### [Your instructions]
Word for word, restate the lines of the data from the first through the one containing "Save the Clean Power Plan", and nothing else.

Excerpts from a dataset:
::::::::::

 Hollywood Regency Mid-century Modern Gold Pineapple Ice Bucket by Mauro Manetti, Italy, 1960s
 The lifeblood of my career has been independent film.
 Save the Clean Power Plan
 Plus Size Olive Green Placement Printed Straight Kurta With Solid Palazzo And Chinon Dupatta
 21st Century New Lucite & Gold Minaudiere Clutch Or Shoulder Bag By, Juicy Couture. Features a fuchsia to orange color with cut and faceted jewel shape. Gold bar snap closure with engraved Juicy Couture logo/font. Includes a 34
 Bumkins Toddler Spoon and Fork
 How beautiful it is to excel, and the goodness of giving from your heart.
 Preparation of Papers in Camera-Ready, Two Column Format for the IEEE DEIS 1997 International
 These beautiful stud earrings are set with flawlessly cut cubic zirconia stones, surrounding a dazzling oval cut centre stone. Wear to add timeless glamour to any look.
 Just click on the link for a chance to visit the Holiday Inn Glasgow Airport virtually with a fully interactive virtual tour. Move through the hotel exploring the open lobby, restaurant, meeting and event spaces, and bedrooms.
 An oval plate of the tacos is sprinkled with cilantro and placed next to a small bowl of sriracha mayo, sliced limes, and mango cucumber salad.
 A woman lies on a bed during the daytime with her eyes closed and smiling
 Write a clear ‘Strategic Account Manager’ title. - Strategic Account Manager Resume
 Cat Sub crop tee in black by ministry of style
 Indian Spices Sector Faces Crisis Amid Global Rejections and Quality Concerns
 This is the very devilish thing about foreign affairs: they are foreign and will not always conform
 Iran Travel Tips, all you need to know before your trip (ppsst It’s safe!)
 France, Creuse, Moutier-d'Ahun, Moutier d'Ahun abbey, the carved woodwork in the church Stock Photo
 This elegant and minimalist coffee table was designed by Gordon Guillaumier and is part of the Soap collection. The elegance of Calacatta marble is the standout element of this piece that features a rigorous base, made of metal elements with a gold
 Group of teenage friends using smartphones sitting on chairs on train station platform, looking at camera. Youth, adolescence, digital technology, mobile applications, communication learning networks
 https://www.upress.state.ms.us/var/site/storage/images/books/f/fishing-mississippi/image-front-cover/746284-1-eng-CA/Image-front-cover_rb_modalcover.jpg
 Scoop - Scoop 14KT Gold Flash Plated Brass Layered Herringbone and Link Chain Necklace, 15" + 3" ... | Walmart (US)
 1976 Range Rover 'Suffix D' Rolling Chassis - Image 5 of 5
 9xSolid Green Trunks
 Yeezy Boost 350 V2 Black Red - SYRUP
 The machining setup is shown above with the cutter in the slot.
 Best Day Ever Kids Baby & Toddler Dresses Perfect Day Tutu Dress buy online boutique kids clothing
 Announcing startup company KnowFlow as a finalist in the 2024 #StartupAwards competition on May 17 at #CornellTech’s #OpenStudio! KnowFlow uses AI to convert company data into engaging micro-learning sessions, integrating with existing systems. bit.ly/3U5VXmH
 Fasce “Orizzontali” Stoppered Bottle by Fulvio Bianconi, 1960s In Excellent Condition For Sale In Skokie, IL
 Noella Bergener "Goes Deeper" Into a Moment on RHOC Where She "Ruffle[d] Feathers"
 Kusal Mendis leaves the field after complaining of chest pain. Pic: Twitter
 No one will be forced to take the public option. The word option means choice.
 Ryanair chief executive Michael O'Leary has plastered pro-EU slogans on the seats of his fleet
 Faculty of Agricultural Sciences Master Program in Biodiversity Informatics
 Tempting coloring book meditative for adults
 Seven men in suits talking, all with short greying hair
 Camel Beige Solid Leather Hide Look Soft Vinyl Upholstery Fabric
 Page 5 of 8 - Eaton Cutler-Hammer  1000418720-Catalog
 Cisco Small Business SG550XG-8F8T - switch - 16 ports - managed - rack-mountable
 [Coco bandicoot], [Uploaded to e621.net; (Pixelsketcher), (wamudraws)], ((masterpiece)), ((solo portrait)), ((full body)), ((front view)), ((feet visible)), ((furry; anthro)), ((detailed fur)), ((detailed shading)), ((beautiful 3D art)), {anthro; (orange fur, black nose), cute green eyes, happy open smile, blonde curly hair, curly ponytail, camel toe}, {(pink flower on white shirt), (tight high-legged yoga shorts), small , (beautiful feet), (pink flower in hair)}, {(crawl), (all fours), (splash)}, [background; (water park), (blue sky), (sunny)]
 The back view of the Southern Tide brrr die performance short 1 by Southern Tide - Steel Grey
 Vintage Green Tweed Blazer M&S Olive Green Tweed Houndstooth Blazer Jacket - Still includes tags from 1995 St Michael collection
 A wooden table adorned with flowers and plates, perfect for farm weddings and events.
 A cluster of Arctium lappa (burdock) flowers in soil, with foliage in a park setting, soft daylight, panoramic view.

::::::::::

### [Solution to the problem]
 Hollywood Regency Mid-century Modern Gold Pineapple Ice Bucket by Mauro Manetti, Italy, 1960s
 The lifeblood of my career has been independent film.
 Save the Clean Power Plan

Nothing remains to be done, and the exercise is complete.